February 20. — It feels like spring to-day. A wonderful thing has happened. An old flame, of my girl days, came to see me. We had not met for fifty years — since he went away to college. He had fine eyes, and they are fine still. He kissed me when he went away — very softly. He certainly has perfect manners. — I wonder — Pshaw! What would Jane say! No, no! I am all with Sophocles, who, on being asked in extreme old age it he were still a lover, exclaimed, ‘Heaven forbid! I am only too happy to escape from that!’ Yes, truly it is good to be done with it all, — free from the fever and the fret, — and yet, and yet — I would I were not come to that peaceful time ‘whose calmer kisses wake nor smile nor tear.’ But who can live life over? I must be content with the andante movement, and leave to youth the allegro vivace. At least we have our memories — lovely, if pale, asphodels of the heart.

As the Moors in their exile, the keys treasured still,
Of their castles in Spain, so will we; and no fear
But the doors will fly open whenever we will,
To the prime of the Past, and the sweet of the year.

And at least we can have friends — The daily bread of the heart,’ as someone has fondly called a friend.

And so I will not shiver at the black footprints of Age across my frosted land. Rather, I will emulate old Dr. Johnson, who, when roused at night by the revelry of roysterers under his window, put his head out, and calling, ‘Boys, are you there? ‘ went down and joined them. A fine gaité du cœur is the true philosophy. Let me present a smiling, if wrinkled, front to Old Age.

Last winter, in California, I was so carried away with the Book-Caravan idea, — then new to me, — that I came perilously near buying a ravishing white milk-wagon, which daily stopped at our door, and replacing its equipment of cans with a stock of books selected under the personal supervision of Mr. A. Edward Newton. The climate was favorable to this enterprise, and it failed only because an eighteen-year-old granddaughter, an expert motorist, refused to accompany me as chauffeur, on the ground that ‘people would look at us!’

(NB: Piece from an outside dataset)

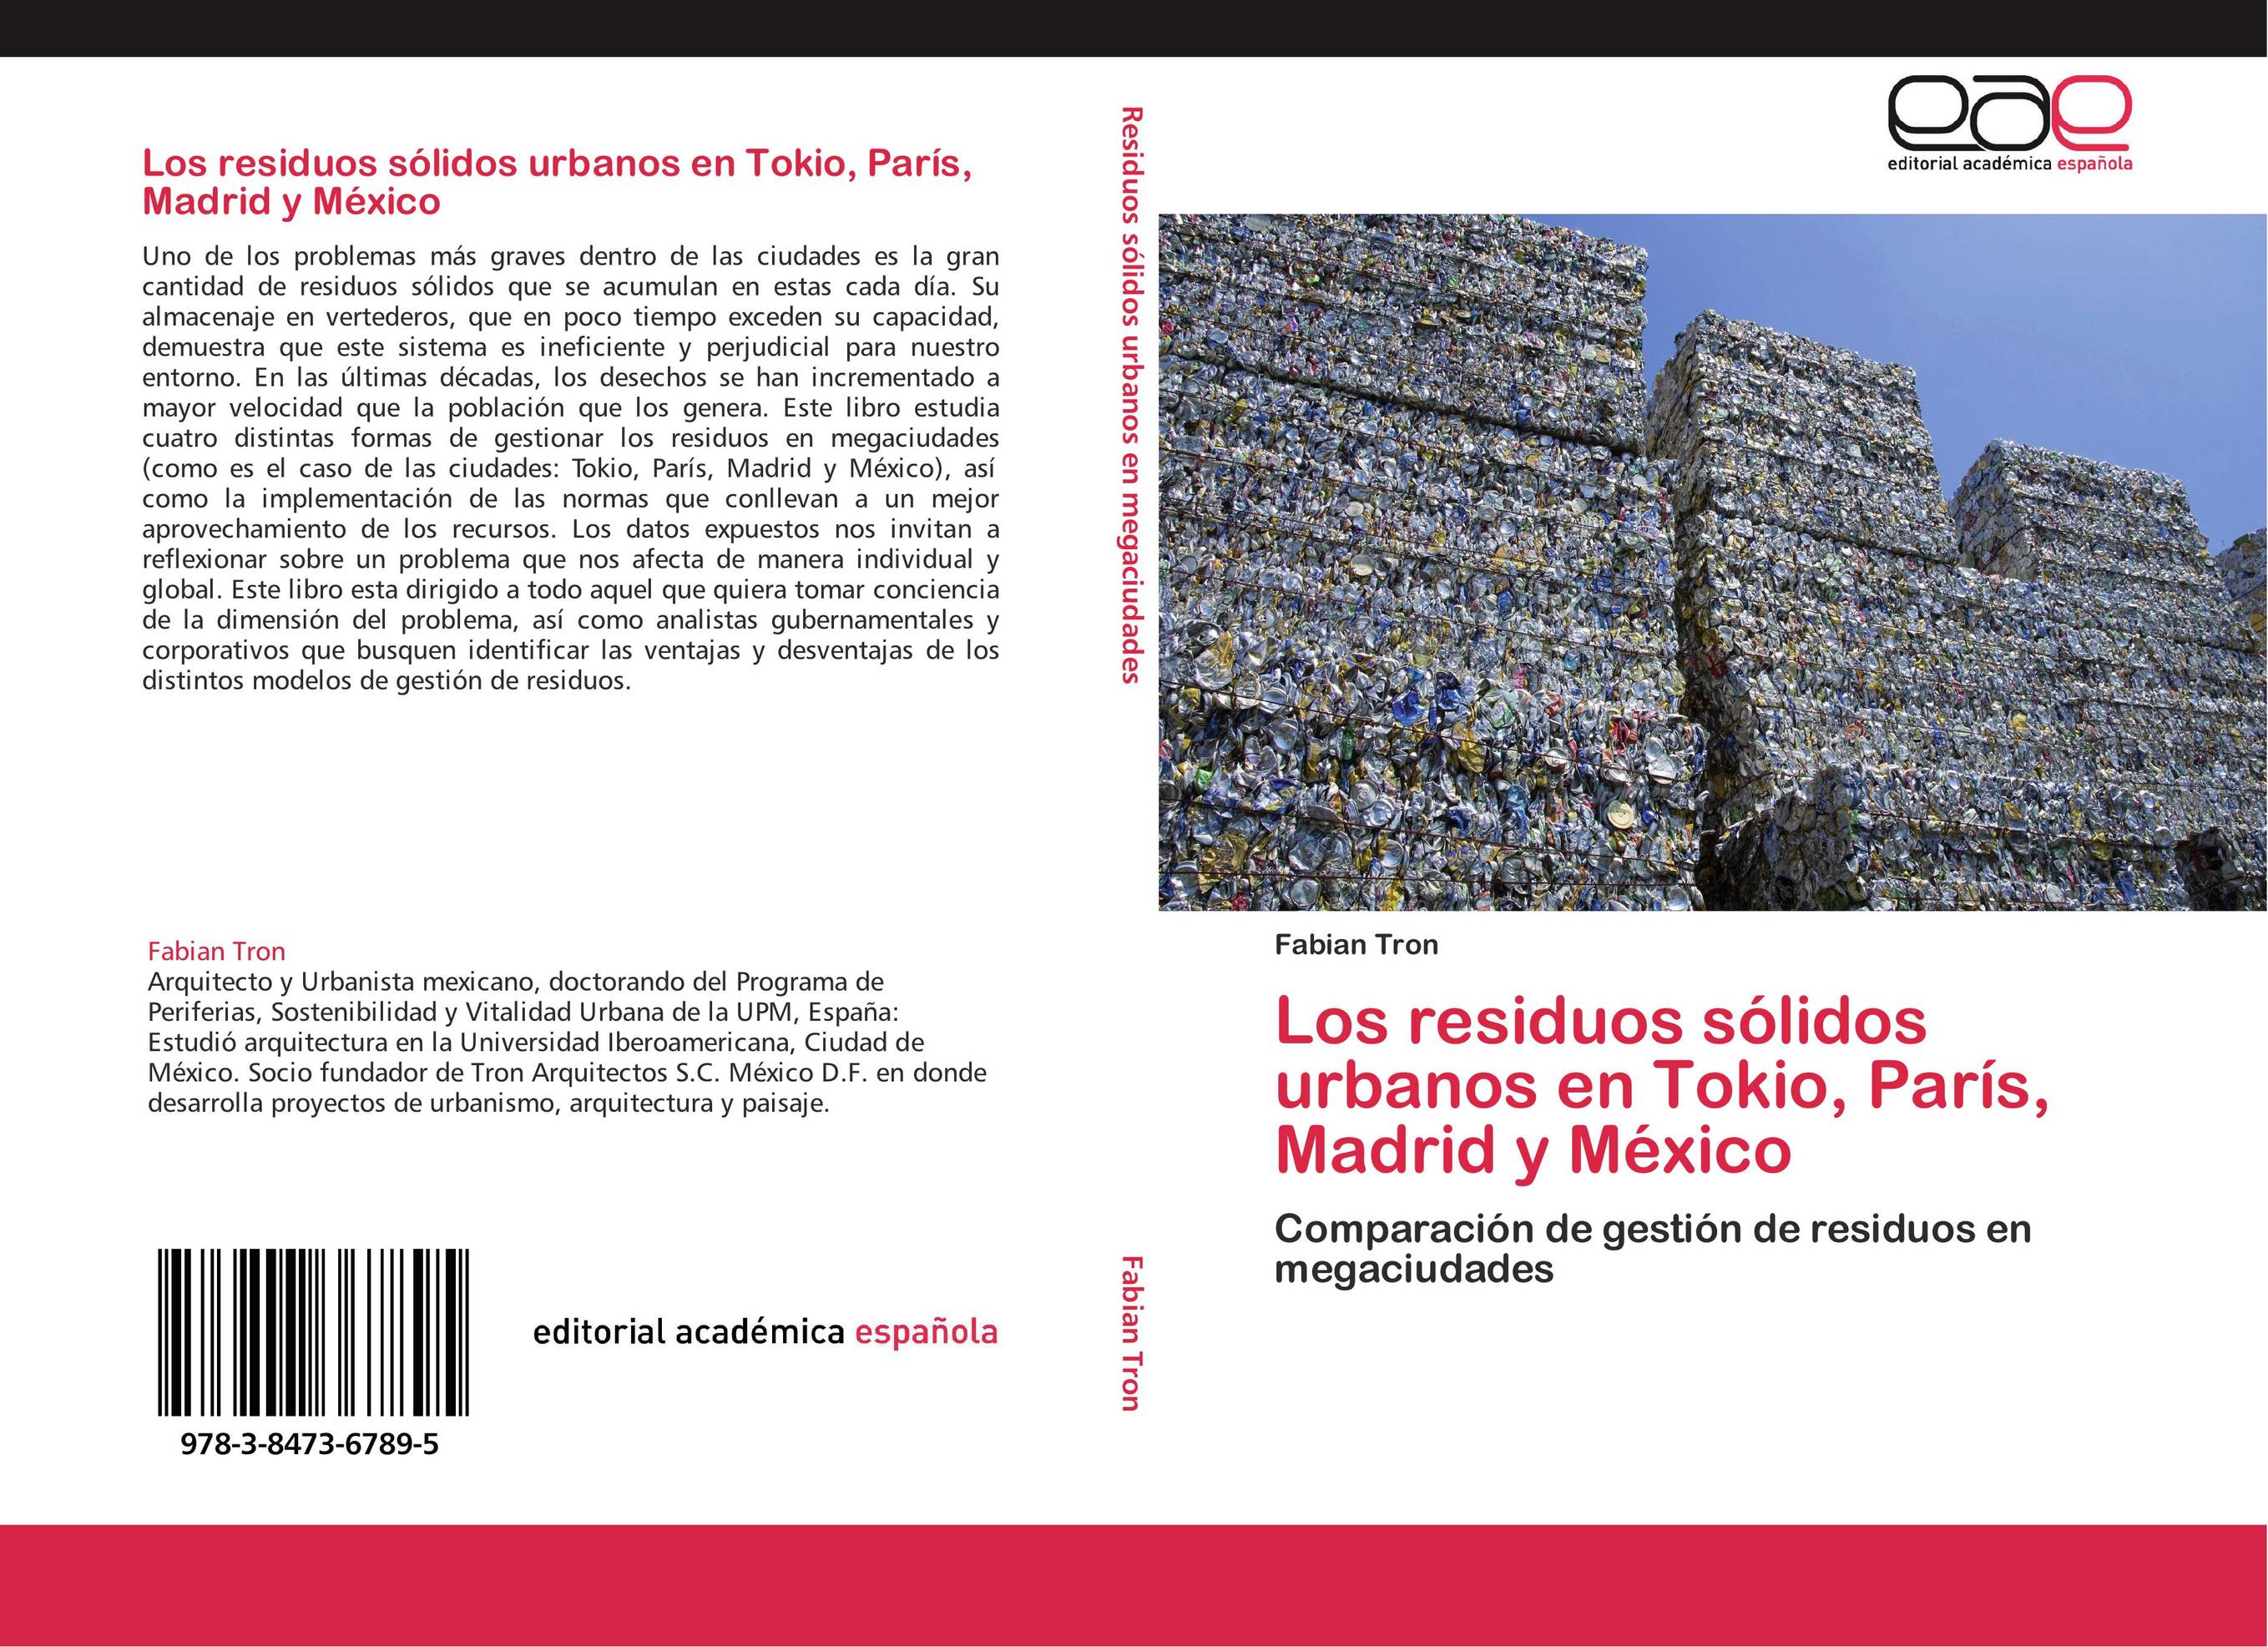 Los residuos sólidos urbanos en Tokio, París, Madrid y México

No! all is not lost while there are books. In my wooden house of Age, still shines a golden room of books. ‘Let ‘s think on our marcies, Chloe,’ said poor old Uncle Tom in a time of sore trial. So I would fain think on mine, and remember my books, when I am at the tag end of everything, looking back, back, as I ride the galloping horse of Time, to the Land of Old Age. No — with my books I can yet warm my hands at the fires of life, even though they leap no more in the wind of Youth. Still can I see Queen Guinevere riding in the pleasant month of May, ‘clothed all in green, as she rode Maying through the wood in great joy and delight.’ Still can I travel back the Long Trail, to the scenes of my youth; and perhaps find, at the foot of the rainbow of dreams and memories, my pot of gold.